Finding the Data Analytics Method that Works for You

Last week I met John, a process expert who works at a renowned cosmetic manufacturing company. John was pretty frustrated over a data scientist who could not give him a plot using the data analytics technique of his choice. He was interested in showing grouping patterns in his data using PCA plots.

When I got to know John was dealing with a data problem, I got curious. So I asked him, can I see the data? And he gladly shared the data with me, looking for a better outcome.

But it was in vain. Even I couldn’t create a PCA plot out of John’s data. The reason was that John was trying to make a PCA plot using a dataset that could be easily visualized without a dimensionality reduction method. In other words, it was data that could be easily visualized in a two-dimensional space without using any machine learning algorithm.

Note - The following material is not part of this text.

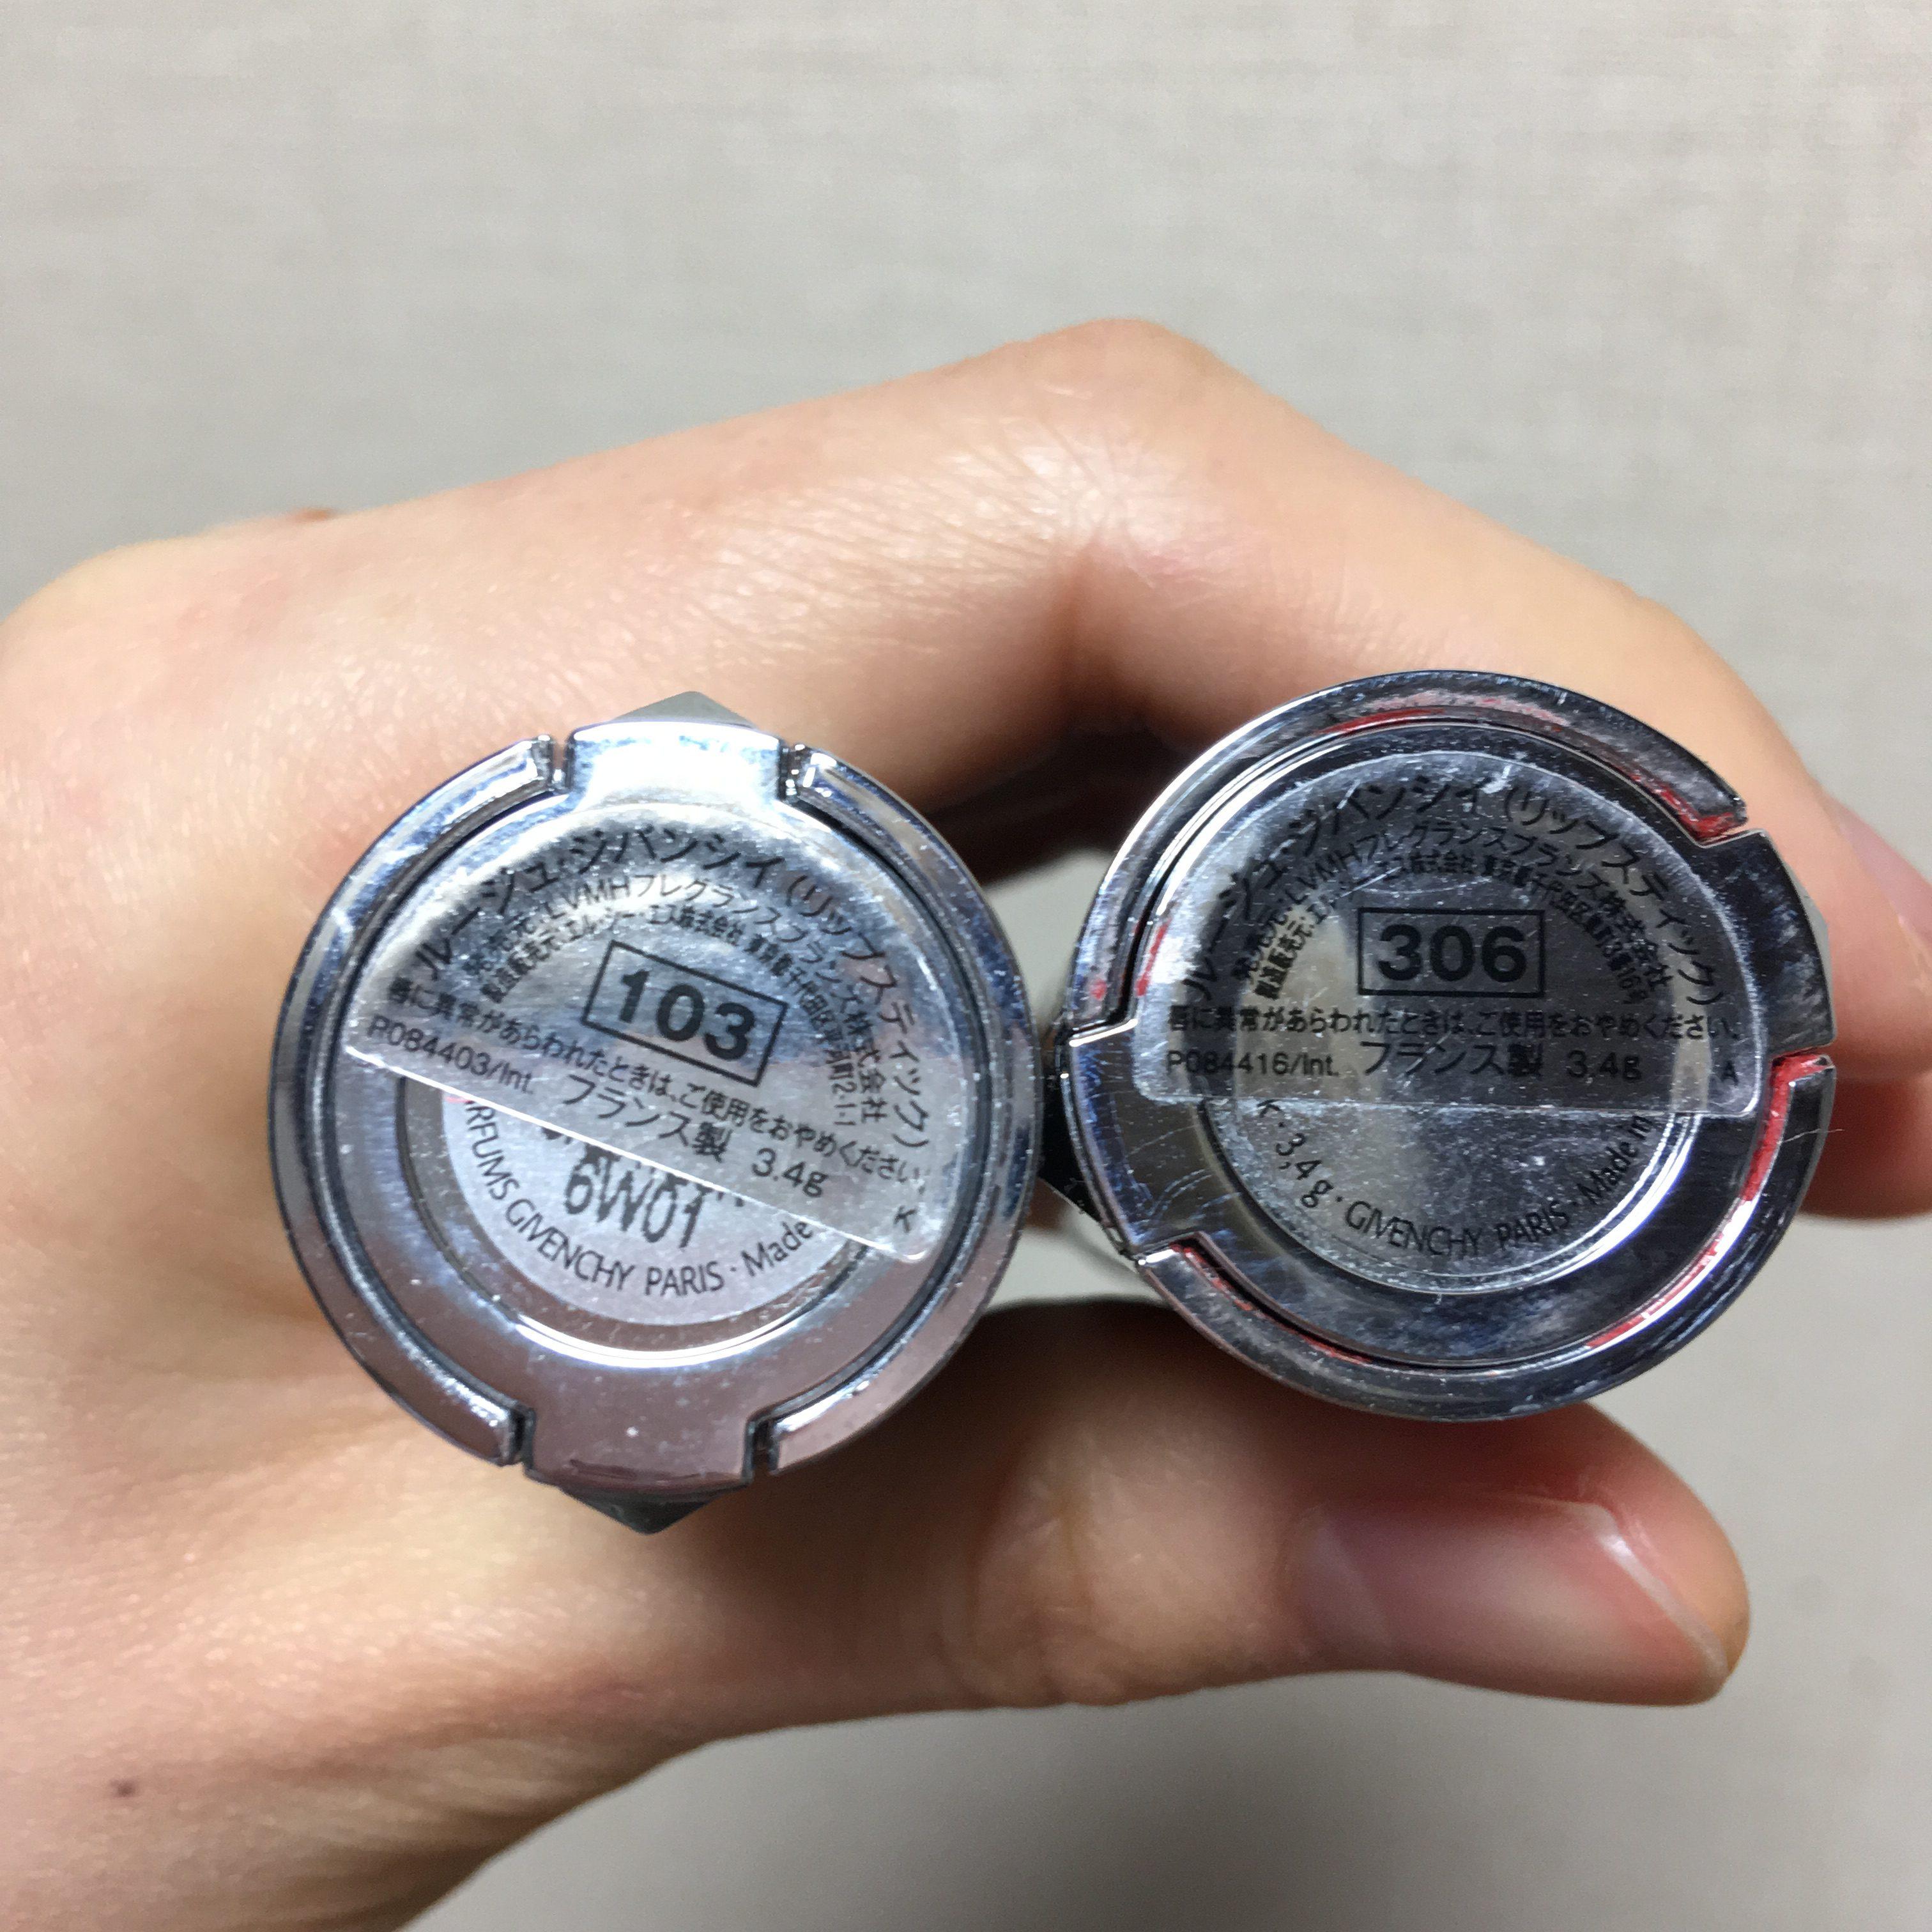 ジバンシー ジバンシィ ジバンシイ GIVENCHY 口紅 消費期限 製造年月 製造番号

But then why was John after the PCA? After we talked for a few more minutes, John said that he saw this method in a research paper and believed it would solve his problem. This explanation helped me to identify the root cause. At the same time, it triggered me to write down this article. I am writing this article for all the Johns who need a helping hand in selecting the most appropriate analytics approach to solve your problem.

Data Analytics Method for 2-Dimensional Data

Try the simplest approach first. If it can be done in Excel, then do it in excel! Taking a lesson from John’s experience, always try to do the simplest step first. Ask yourself, ‘Can I plot this in Excel?’ If the answer is yes, just do it right away. You can either choose to just plot the data for exploratory analysis or build a simple linear regression model for quantitative modeling depending on the use case.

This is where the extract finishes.